Without a transformer concept, it works using a high voltage capacitor to reduce the AC voltage of the network to the required lower level required for the connected e circuit or load.
The specification of this capacitor is selected with a margin. An example of a capacitor that is commonly used in circuits without transformer power is shown below:
This capacitor is connected in series with one of the AC input voltage signals.
When mains alternating current enters this capacitor, depending on the size of the capacitor, the reactance of the capacitor comes into effect and limits the alternating current of the network from exceeding the specified level by the indicated value of the capacitor.
However, although the current is limited, the voltage is not limited, therefore, when measuring the rectified output without a transformer power source, we find that the voltage is equal to the peak value of the AC network, it is about 310 V.
But since the current is sufficiently lowered by the capacitor, this high peak voltage is stabilized by a zener diode at the output of the bridge rectifier.
Zener diode power must be selected in accordance with the permissible current level of the capacitor.
Advantages of using without a transformer power circuit
Cheapness and at the same time the efficiency of the circuit for low-power devices.
Without the transformer power circuit described here, it very effectively replaces a conventional transformer for devices with a current power below 100 mA.
Here, a high voltage metallized capacitor is used on the input signal to lower the mains current
The circuit shown above can be used as a DC 12V power supply for most electronic circuits.
However, after discussing the advantages of the above construction, it is worthwhile to dwell on several serious drawbacks that this concept may include.
Disadvantages without a transformer power circuit
Firstly, the circuit is unable to produce high current outputs, which is not critical for most designs.
Another drawback, which certainly requires some consideration, is that the concept does not isolate the circuit from the dangerous potentials of the AC network.

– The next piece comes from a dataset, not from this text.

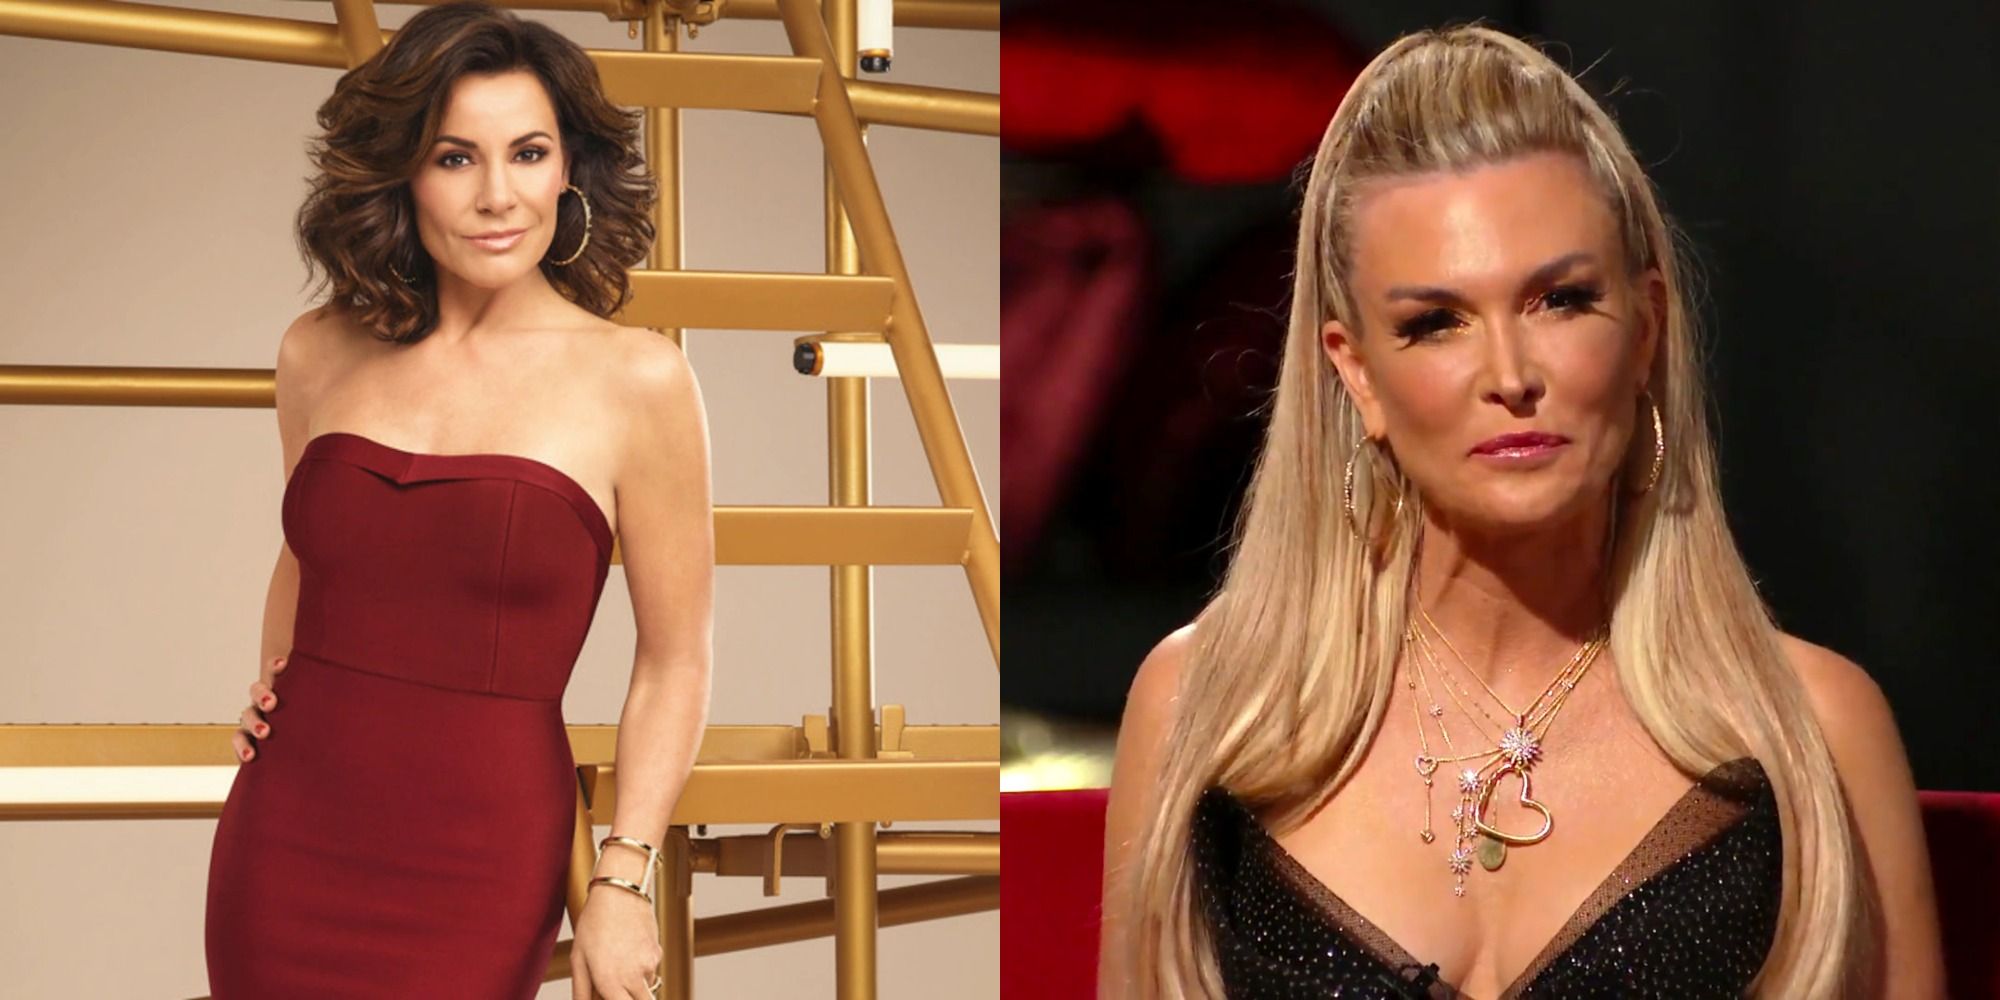 Split image showing Luann de Lesseps and Tinsley Mortimer in RHONY

This drawback can have serious consequences for structures associated with metal cabinets, but it will not matter for blocks that are all covered in a non-conductive housing.
And last but not least, the aforementioned circuit allows power surges to penetrate through it, which can lead to serious damage to the power circuit and the power circuit itself.
However, in the proposed simple power supply without a transformer circuit, this drawback was reasonably eliminated by introducing various types of stabilizing steps after the bridge rectifier.
This capacitor makes instantaneous high voltage ripple, thus effectively protecting the associated electronics with it.
How the circuit works
1. When the AC mains input is turned on, capacitor C1 blocks the mains input and limits it to a lower level determined by the reactance value C1. Here we can roughly assume that it is about 50 mA.
2. However, the voltage is not limited, and therefore 220V can be on the input signal, allowing you to reach the next stage of the rectifier.
3. The bridge rectifier rectifies 220V to a higher DC 310V, to peak AC waveform conversion.
4. The DC 310V is quickly reduced to a low-level DC zener diode, which shunts it to a value according to the zener diode rating. If a 12V zener diode is used, then the output will be 12 volts.
5. C2 finally filters the DC 12V with ripples, into a relatively clean DC 12V.
Circuit example
The driver circuit shown below controls a tape of less than 100 LEDs (with an input signal of 220V), each LED is designed for 20mA, 3.3V 5mm:
Here, the input capacitor 0.33 uF / 400V produces about 17 mA, which is approximately correct for the selected LED strip.
If the driver is used for a larger number of similar LED strips 60/70 in parallel, then simply the value of the capacitor is proportionally increased to maintain optimal illumination of the LEDs.
Therefore, for 2 tapes included in parallel, the required value will be 0.68 uF / 400V, for 3 tapes replace with 1uF / 400V. Similarly, for 4 tapes it should be updated to 1.33 uF / 400V, and so on.
Important: although the limiting resistor is not shown in the circuit, it would be nice to include a 33 Ohm 2 W resistor in series with each LED strip, for added security. Can be inserted anywhere sequentially with individual ribbons.
WARNING: ALL CIRCUITS MENTIONED IN THIS ARTICLE ARE NOT ISOLATED FROM THE AC NETWORK, SO ALL SECTION OF THE CIRCUIT IS EXTREMELY DANGEROUS TO TOUCH WHEN CONNECTING TO THE AC NETWORK.